Informazioni ordini
| Nome del prodotto | Codice del prodotto | UNITÀ | Prezzo | Quantità | Preferiti | |
γB-crystallin Plasmide di attivazione CRISPR (h) | sc-402939-ACT | 20 µg | $397.00 | |||
γB-crystallin Plasmide di attivazione CRISPR (h2) | sc-402939-ACT-2 | 20 µg | $397.00 |
CRYGB codifica la γB-cristallina umana, una proteina strutturale del cristallino altamente abbondante e a lunga emivita, che contribuisce all’indice di rifrazione e alla trasparenza ottica grazie a un impacchettamento proteico denso ma solubile. In quanto membro della superfamiglia delle β/γ-cristalline, la γB-cristallina sostiene l’omeostasi delle cellule delle fibre del cristallino mantenendo la stabilità proteica e resistendo all’aggregazione in condizioni di stress ossidativo e osmotico. L’alterazione della proteostasi delle cristalline è associata alla formazione di aggregati che diffondono la luce e all’opacizzazione del cristallino, e varianti di CRYGB sono state collegate a fenotipi di cataratta ereditaria. Di conseguenza, CRYGB è ampiamente utilizzato per studiare lo sviluppo del cristallino, il ripiegamento/aggregazione proteica e le vie di risposta allo stress che influenzano la trasparenza.
γB-crystallin Il plasmide di attivazione CRISPR (h) fornisce un approccio mirato e non distruttivo per sovraregolare l'espressione endogena di CRYGB senza alterare la sequenza di DNA sottostante.

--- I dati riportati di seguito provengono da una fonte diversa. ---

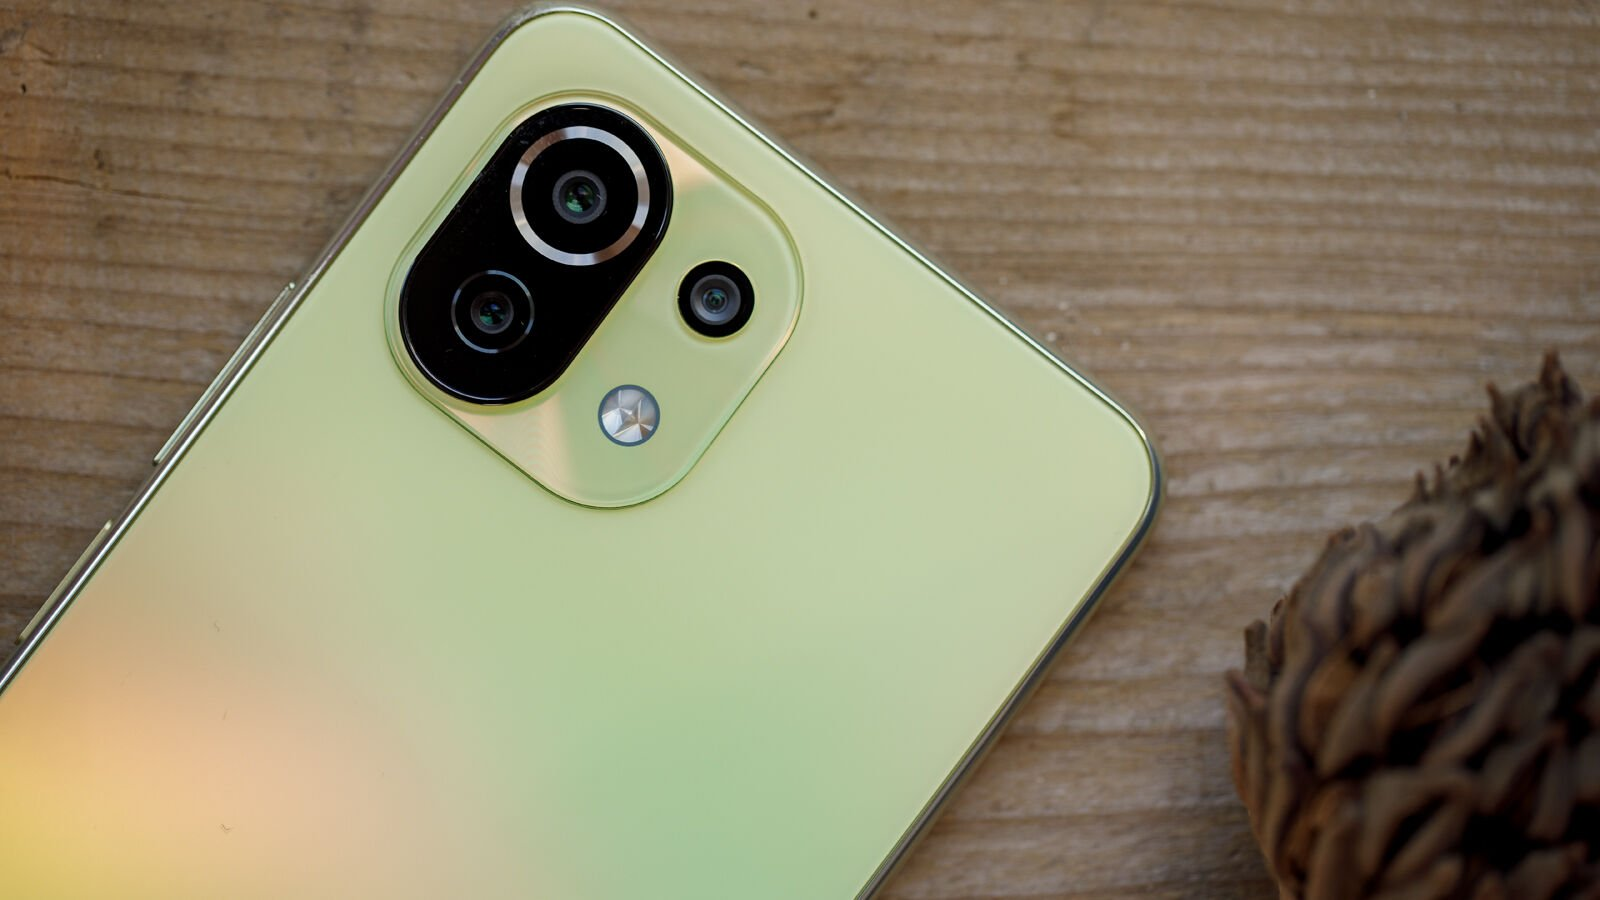 Xiaomi Mi 11 Lite 5G camera

γB-crystallin Il plasmide di attivazione CRISPR (h) è un sistema SAM (mediatore di attivazione sinergico) a tre plasmidi progettato per la sovraregolazione trascrizionale altamente efficiente e sito-specifica del locus CRYGB nelle linee cellulari umane. Il sistema è costruito attorno a una Cas9 cataliticamente inattiva (dCas9) che porta due mutazioni inattivanti (D10A e N863A) che eliminano l'attività nucleasica preservando al contempo il legame con il DNA. Questa dCas9 è fusa con VP64, un potente attivatore trascrizionale, ed è coespressa con un gene di resistenza alla blasticidina per la selezione. Il secondo plasmide codifica la proteina di fusione MS2-p65-HSF1, un complesso attivatore secondario che agisce in sinergia con dCas9-VP64, insieme a un gene di resistenza all'igromicina. Il terzo plasmide codifica un sgRNA specifico per il bersaglio di 20 nt fuso a due aptameri di RNA MS2 che reclutano il complesso MS2-p65-HSF1 nel sito di attivazione, accompagnato da un gene di resistenza alla puromicina. I tre plasmidi vengono somministrati in un rapporto di massa 1:1:1 per un'espressione bilanciata di tutti i componenti del sistema.

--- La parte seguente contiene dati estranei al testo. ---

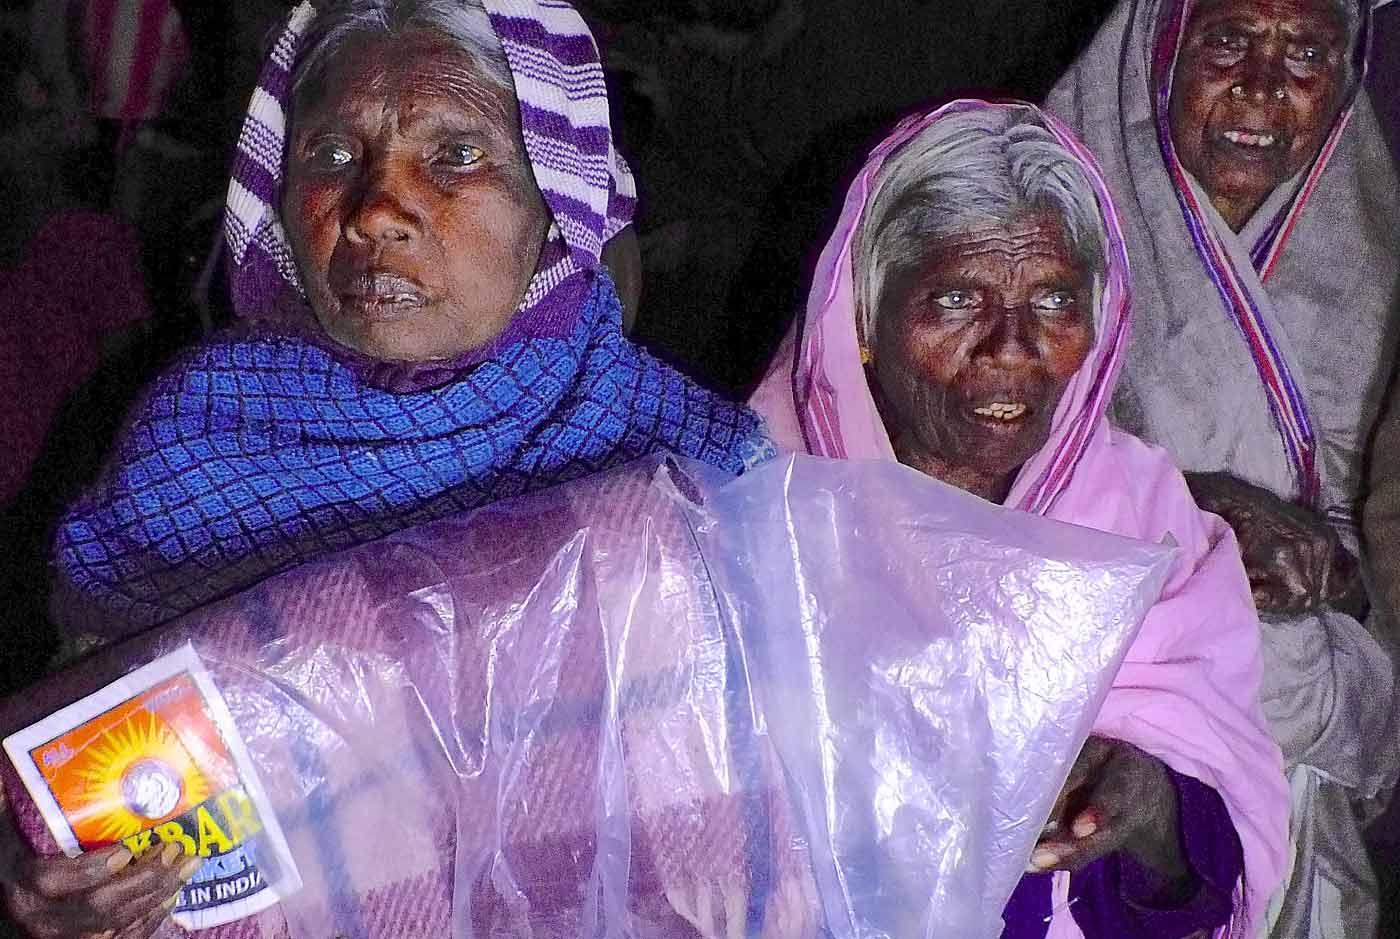 Women, blankets

Una volta assemblato nel locus bersaglio, il complesso SAM si lega a circa 200 bp a monte del sito di inizio della trascrizione CRYGB, dove VP64, p65 e HSF1 agiscono in modo concertato per reclutare il machinery trascrizionale e guidare la sovraregolazione dell'espressione endogena di γB-crystallin. A differenza della Cas9 con attività nucleasica, dCas9 non introduce rotture a doppio filamento né modifica la sequenza genomica, preservando il locus CRYGB nativo e consentendo lo studio delle risposte trascrizionali dipendenti da γB-crystallin nel locus endogeno, rendendolo uno strumento prezioso per studi funzionali, l'identificazione di geni bersaglio e la modellizzazione del ripristino della via γB-crystallin nelle cellule tumorali con espressione di CRYGB silenziata o ridotta.
Solo per uso di ricerca. Non destinato a uso diagnostico o terapeutico.